DATA EXCERPT –
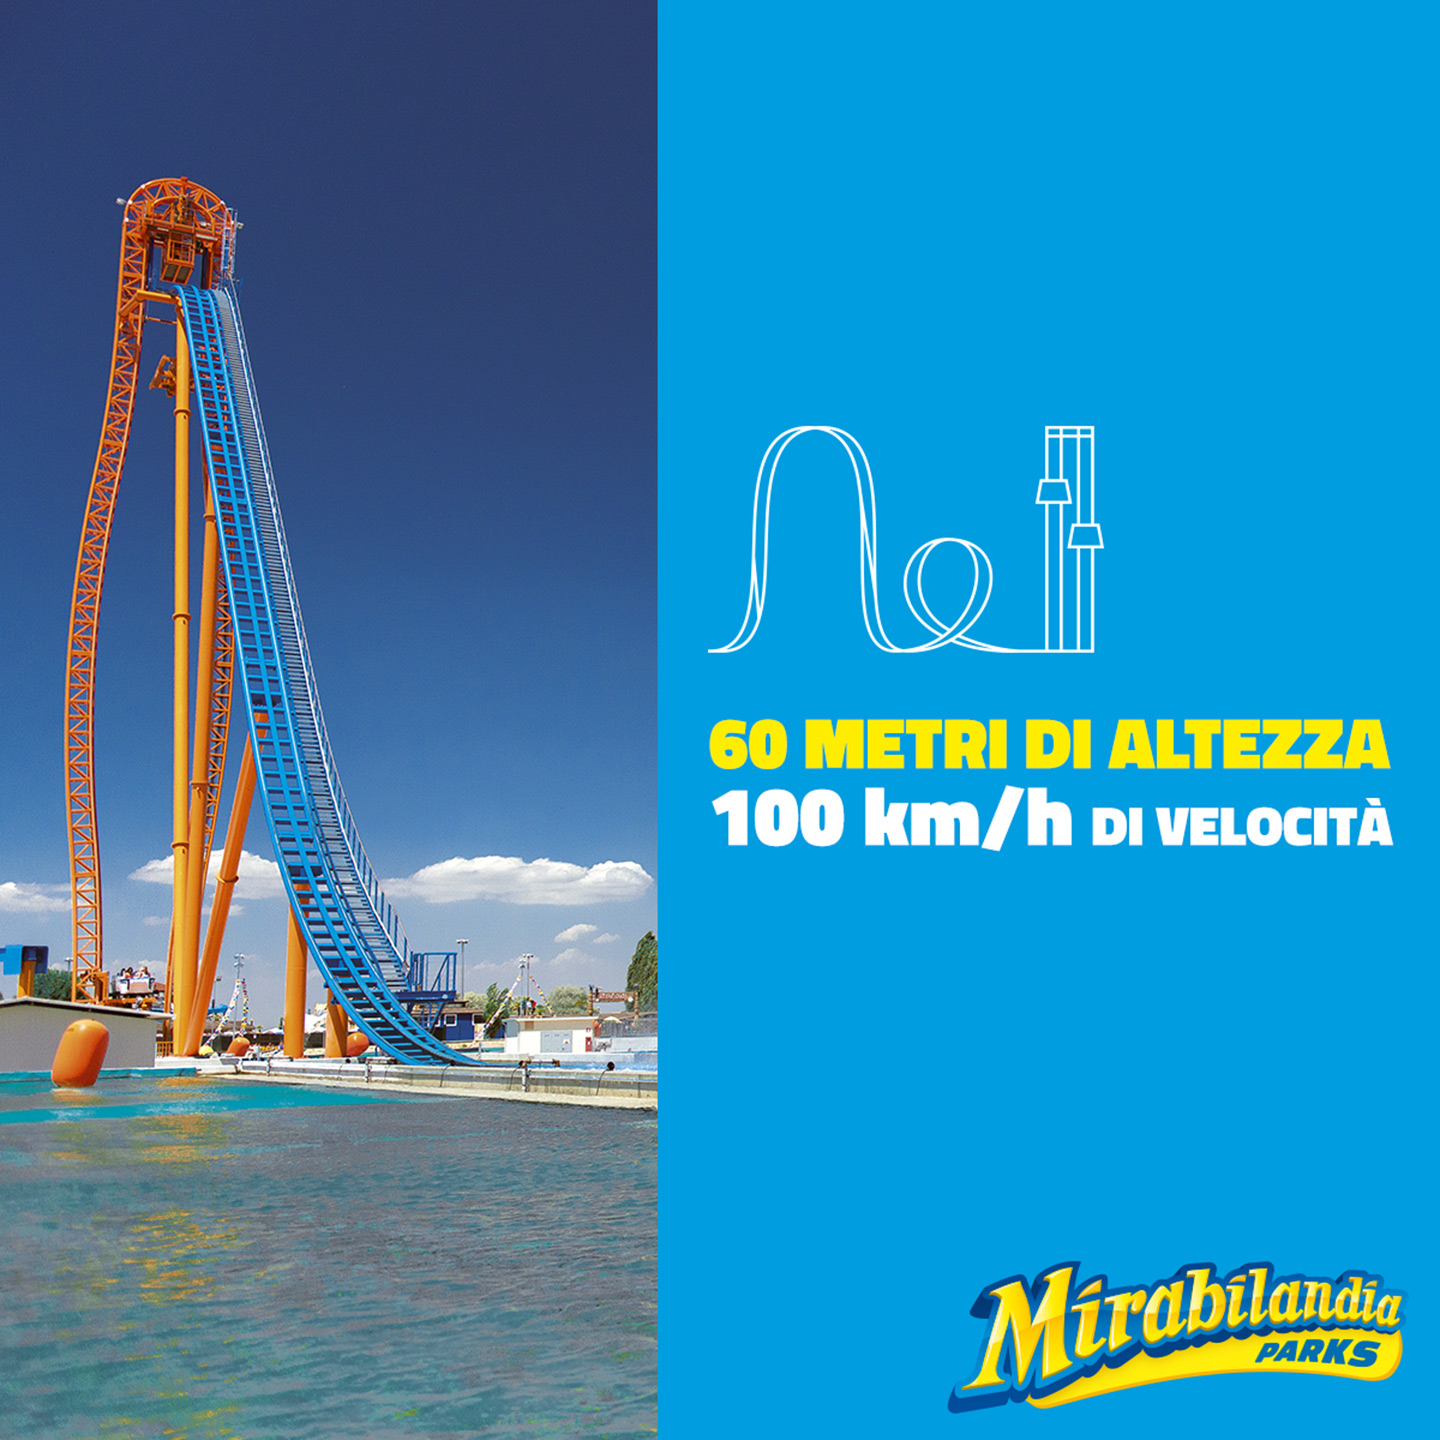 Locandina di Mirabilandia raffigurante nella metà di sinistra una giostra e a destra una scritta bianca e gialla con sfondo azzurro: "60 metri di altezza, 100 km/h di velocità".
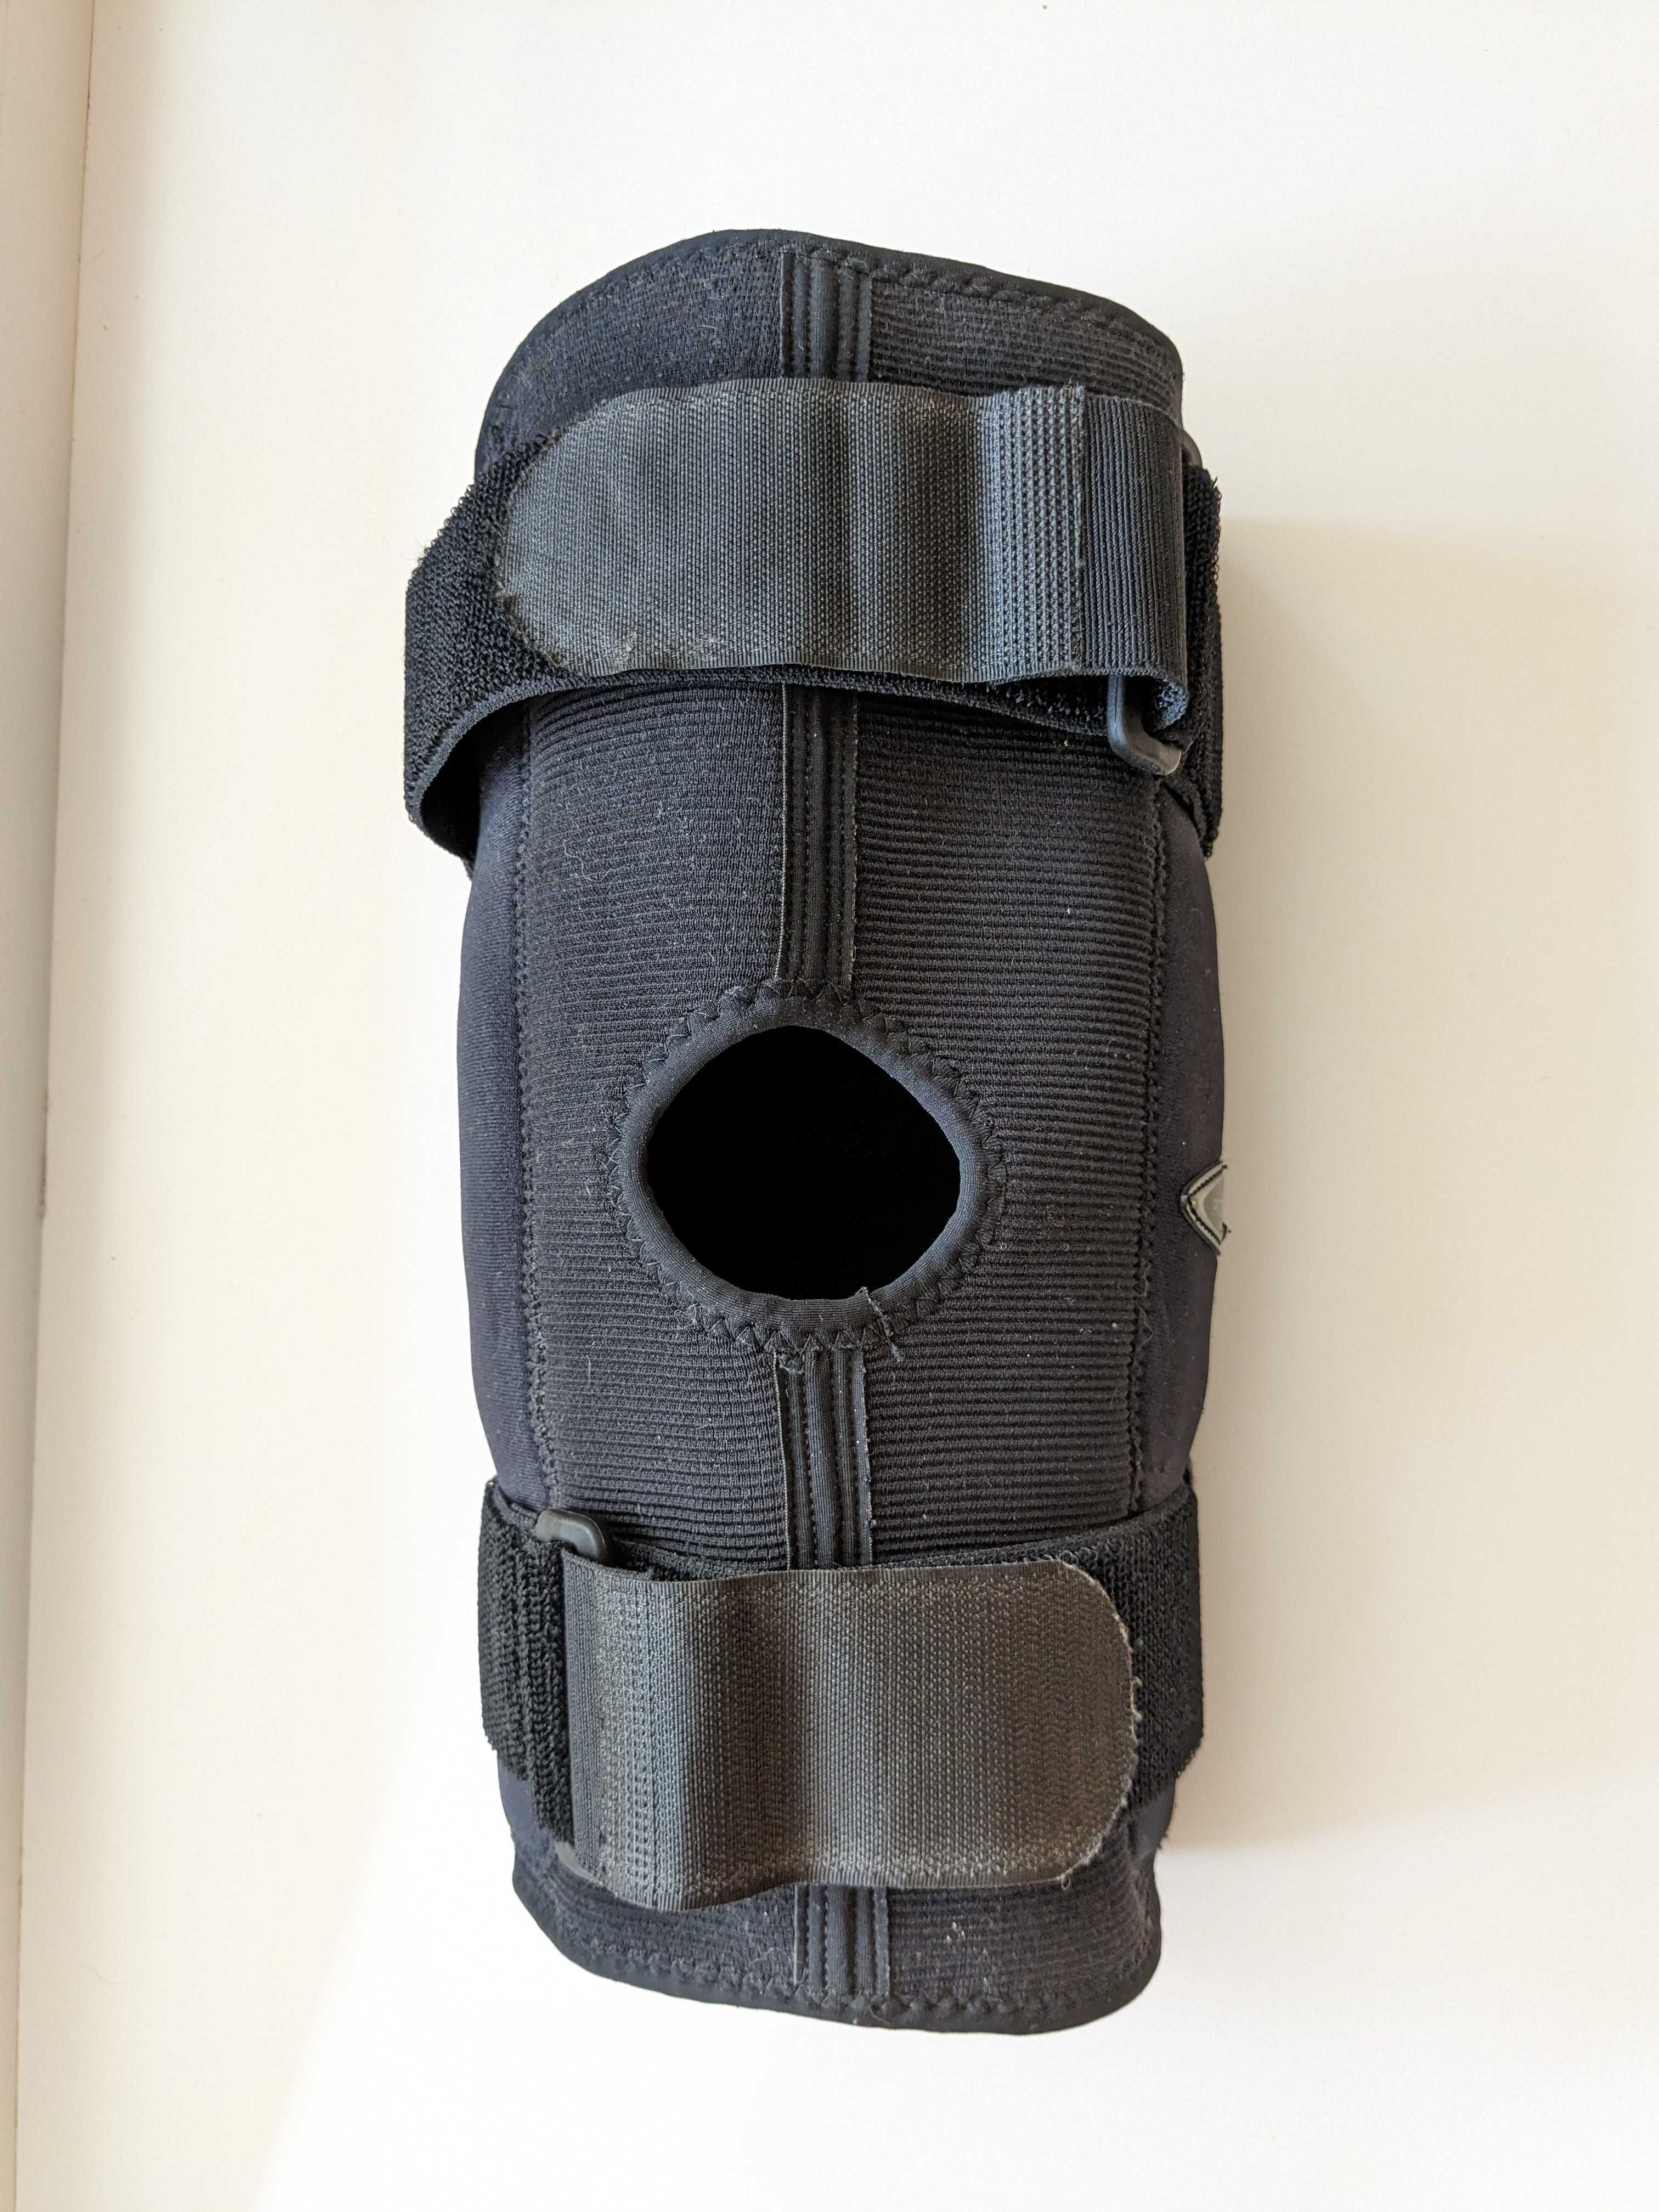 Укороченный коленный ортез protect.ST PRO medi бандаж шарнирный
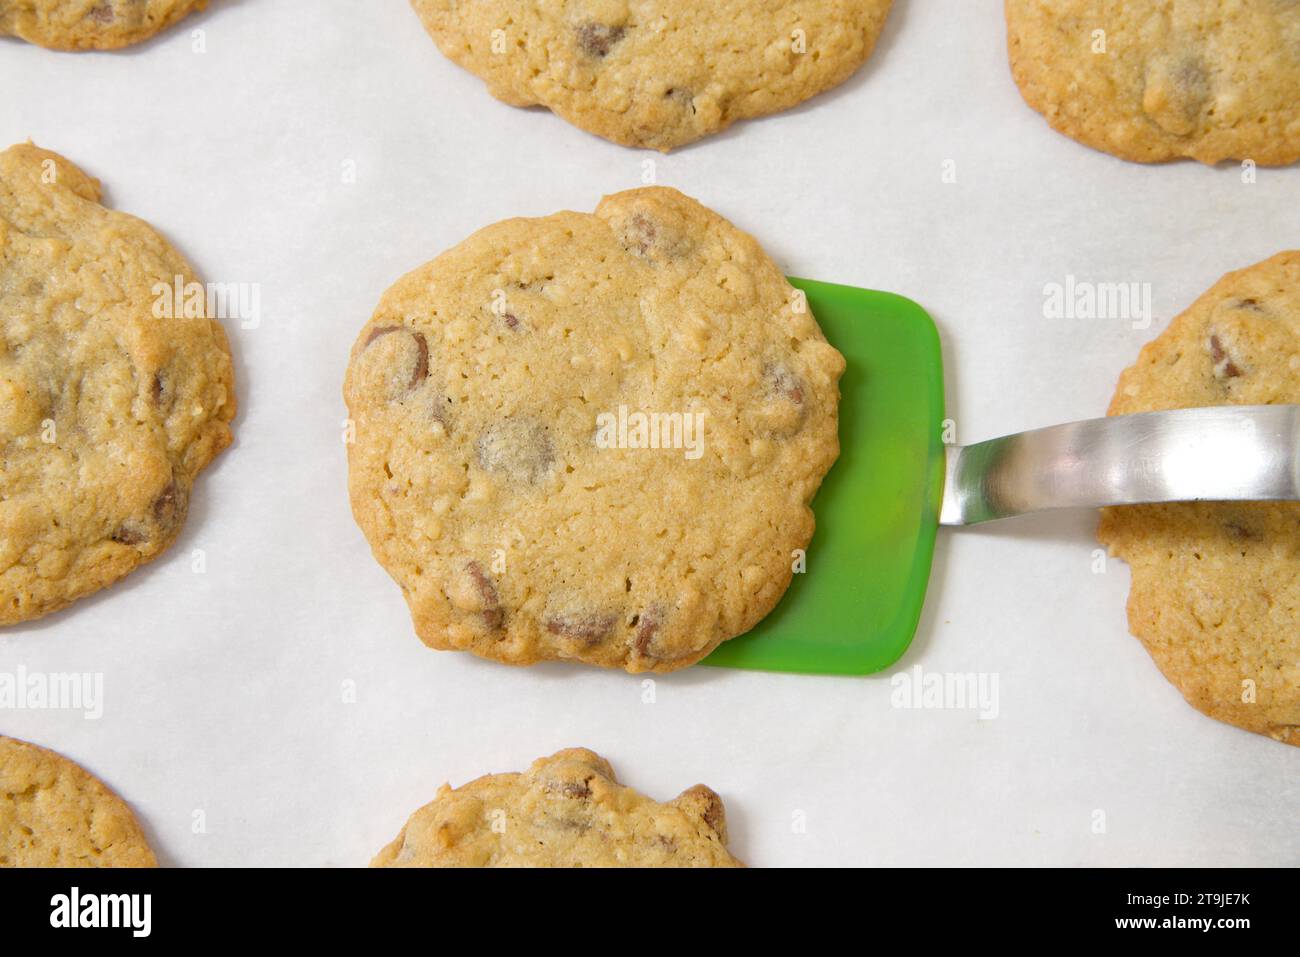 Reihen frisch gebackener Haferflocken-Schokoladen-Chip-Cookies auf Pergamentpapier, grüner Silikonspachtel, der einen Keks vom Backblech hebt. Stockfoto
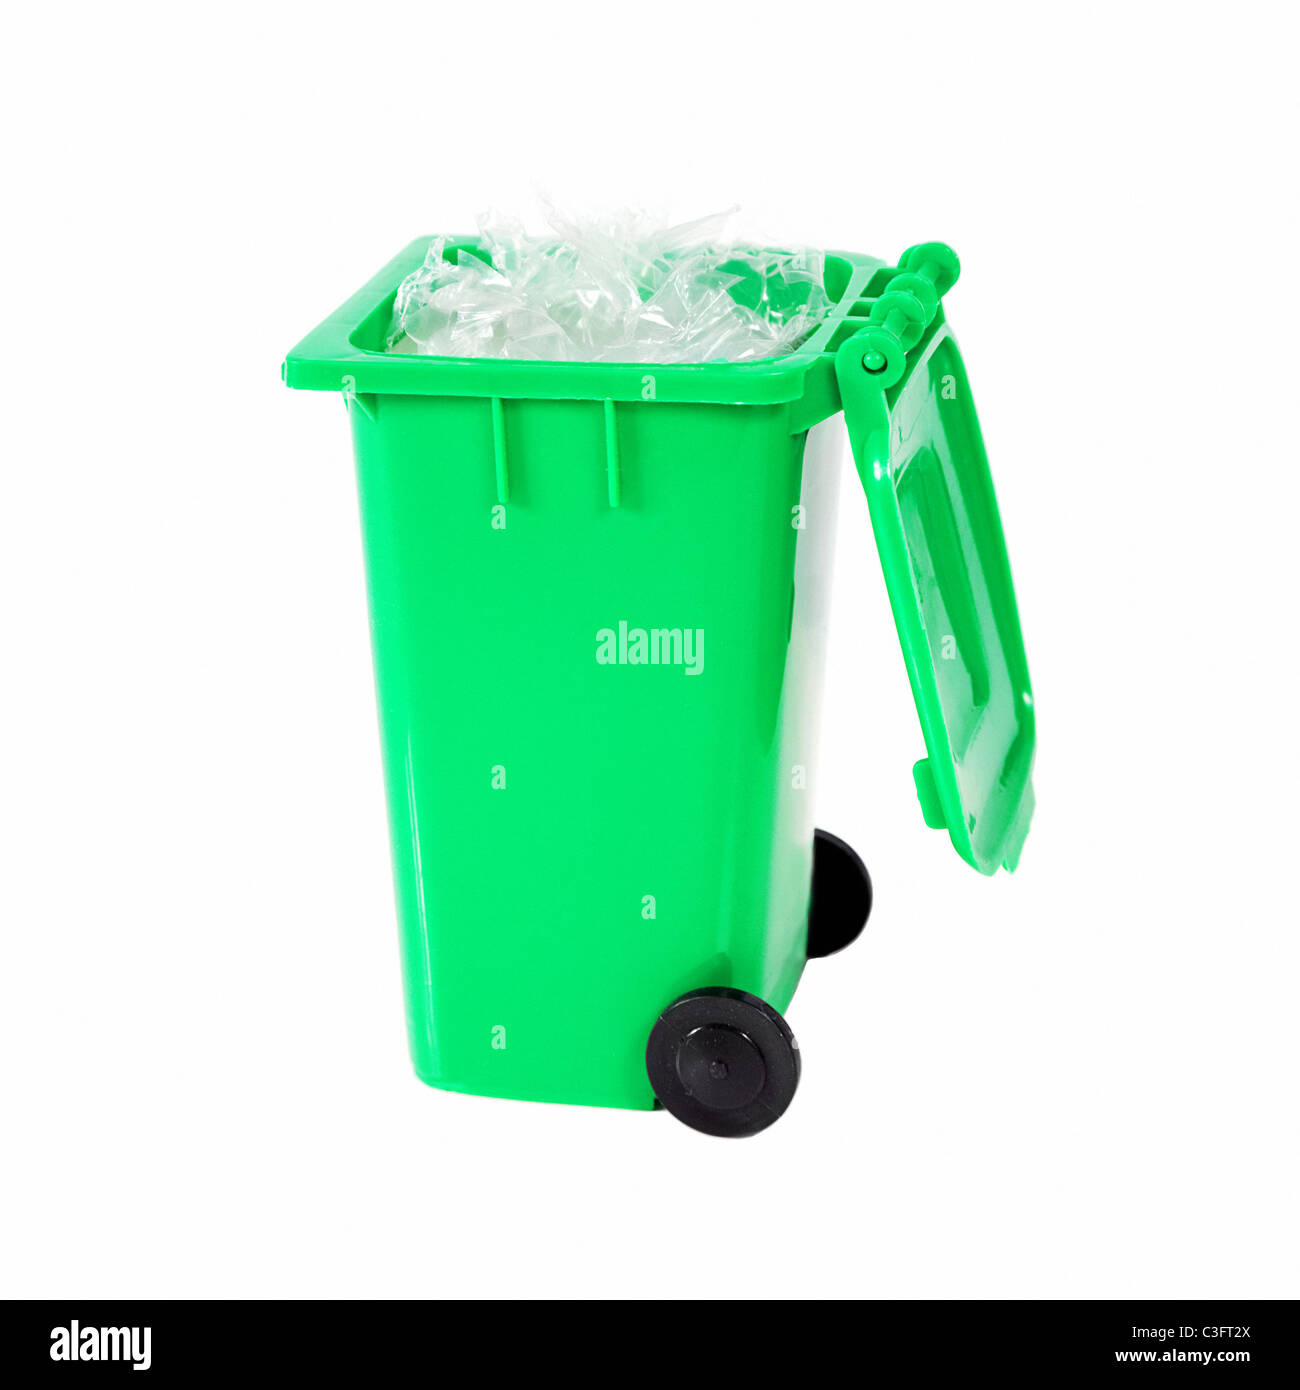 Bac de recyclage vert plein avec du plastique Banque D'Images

EXERCISE BRIEF – Starting at the line that holds "Укороченный коленный ортез" and stopping at the last line of the listing above, write out each line exactly as it appears, and omit the pictures.

EXERCISE OUTPUT –
 Укороченный коленный ортез protect.ST PRO medi бандаж шарнирный
 Reihen frisch gebackener Haferflocken-Schokoladen-Chip-Cookies auf Pergamentpapier, grüner Silikonspachtel, der einen Keks vom Backblech hebt. Stockfoto
 Bac de recyclage vert plein avec du plastique Banque D'Images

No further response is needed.